Eons ago in computer time, I left-off with an article called Guide to Win32 Paint for Intermediates. That article described the basics of the WM_PAINT message, as well as how to use most of the different types of Win32 Device Contexts (DC). This article will describe the Memory DC. The Metafile DC will still be ignored in this article.

My previous articles have been written with WTL. I still prefer to do Win32 development with WTL. However, the demonstration source code provided will be raw C/C++ Win32 calls and window management. This is to simplify the code that you are looking at, and eliminate a code dependency.

Background

Nine years ago, I started up a series on Win32 paint tutorials and indicated in the first article that it was the first in a series of five. I had completely forgotten that intention until I re-read the first article. I thought about revisiting this topic and finishing the series, but I quickly dismissed the thought thinking that too much time has passed and people are moving on to other technologies like .NET, DirectX, and OpenGL.

I am still surprised to see how often these basic tutorials are visited and downloaded. I then noticed myself looking up basic information for other topics in development. I have recently done some GUI work with custom controls in Java. I was surprised to see how similar the process was to Win32 painting. (While proof-reading, I decided that I get surprised a lot.)

What I have realized is that not much has actually changed in the last 9 years. There are new libraries that make interacting with multimedia easier than the basic Win32 APIs, however the concepts are the same. Also, some technologies such as DirectX may have a high learning curve to get up and running and gain the benefits of the extra power from the framework that may not even be necessary for a simple UI painting that a developer could want to help their application stand out from all of the similar programs.

I have decided that I will continue to document the usage, capabilities, and my experience with the Win32 API calls, primarily GDI, but there is so much potential that exists, and not enough context to help people apply it to their programs to create amazing things.

There are many other technologies for generating graphics that exist for Windows to create two dimensional vector-based and raster-based images: GDI+, DirectDraw 2D, DirectWrite. I would like to explore some of those technologies in the future. For now, let's continue on with the venerable GDI API.

Memory Device Context

The memory DC is an important concept and tool in Win32 development. Most other DC types are directly related to a window, or some device such as a printer on the system. The memory DC is an object that exists only in memory. Some of the common uses for Memory DCs are to store intermediate images for display composition; load Bitmaps and other image types from files; create back-buffers for double and triple buffer painting to reduce flicker with animation.

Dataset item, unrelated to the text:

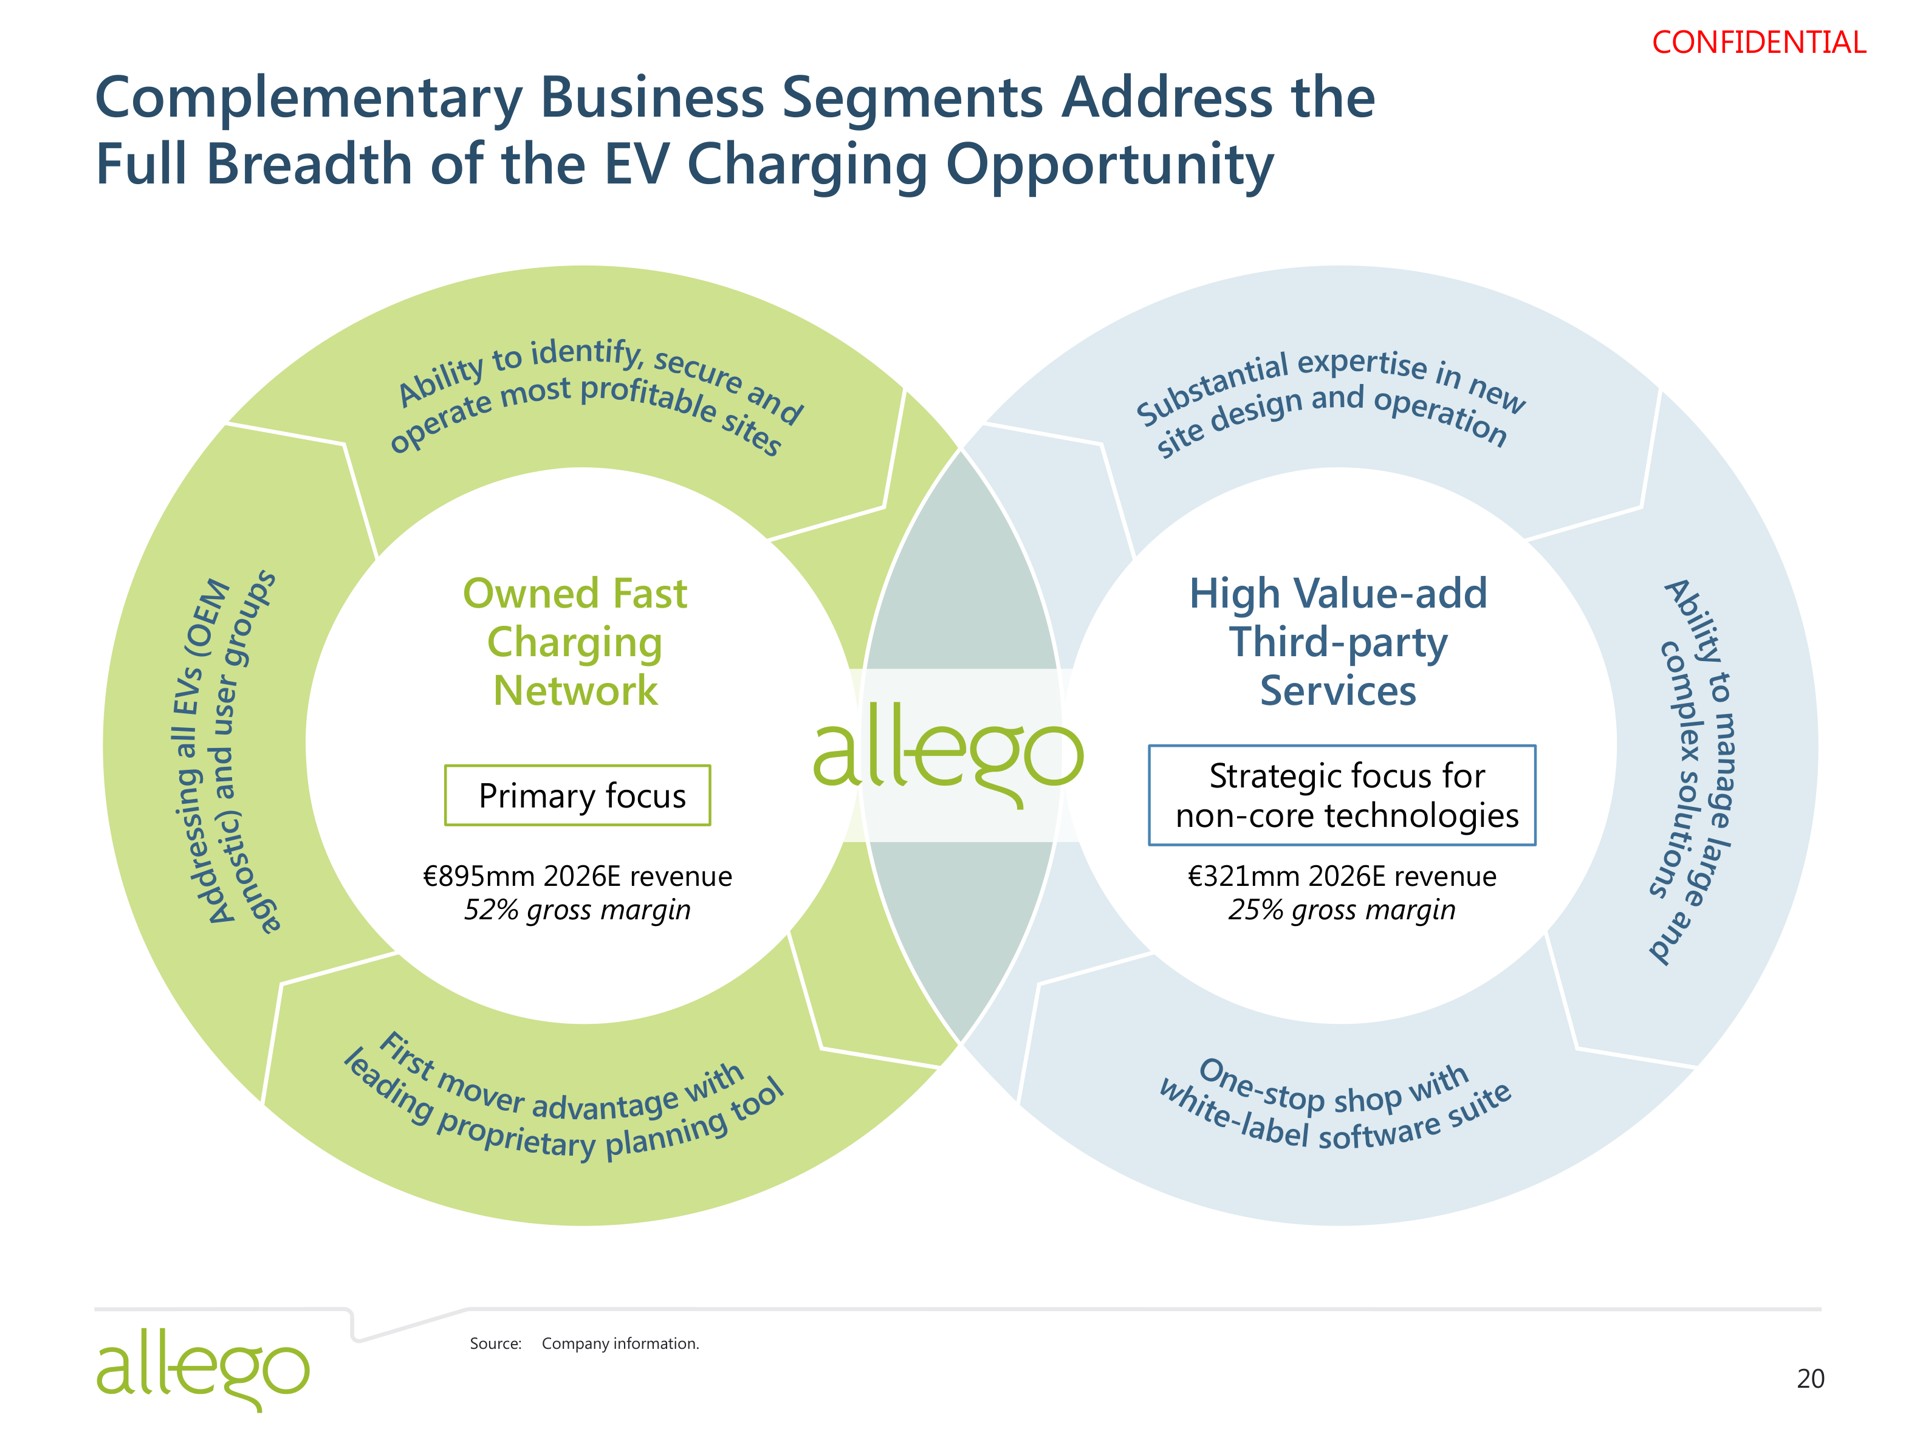 complementary business segments address the full breadth of the charging opportunity | Allego

Obtaining a Memory Device Context

There is only one way to create a Memory Device Context:

HDC CreateCompatibleDC(
    __in HDC hdc          // Handle to an existing DC
);

The memory DC that is created will be compatible with the device which the hdc value passed in represents. This means that raster operations like BitBlt and StretchBlt can be used to transfer the image in memory DC over to the same device hdc represents.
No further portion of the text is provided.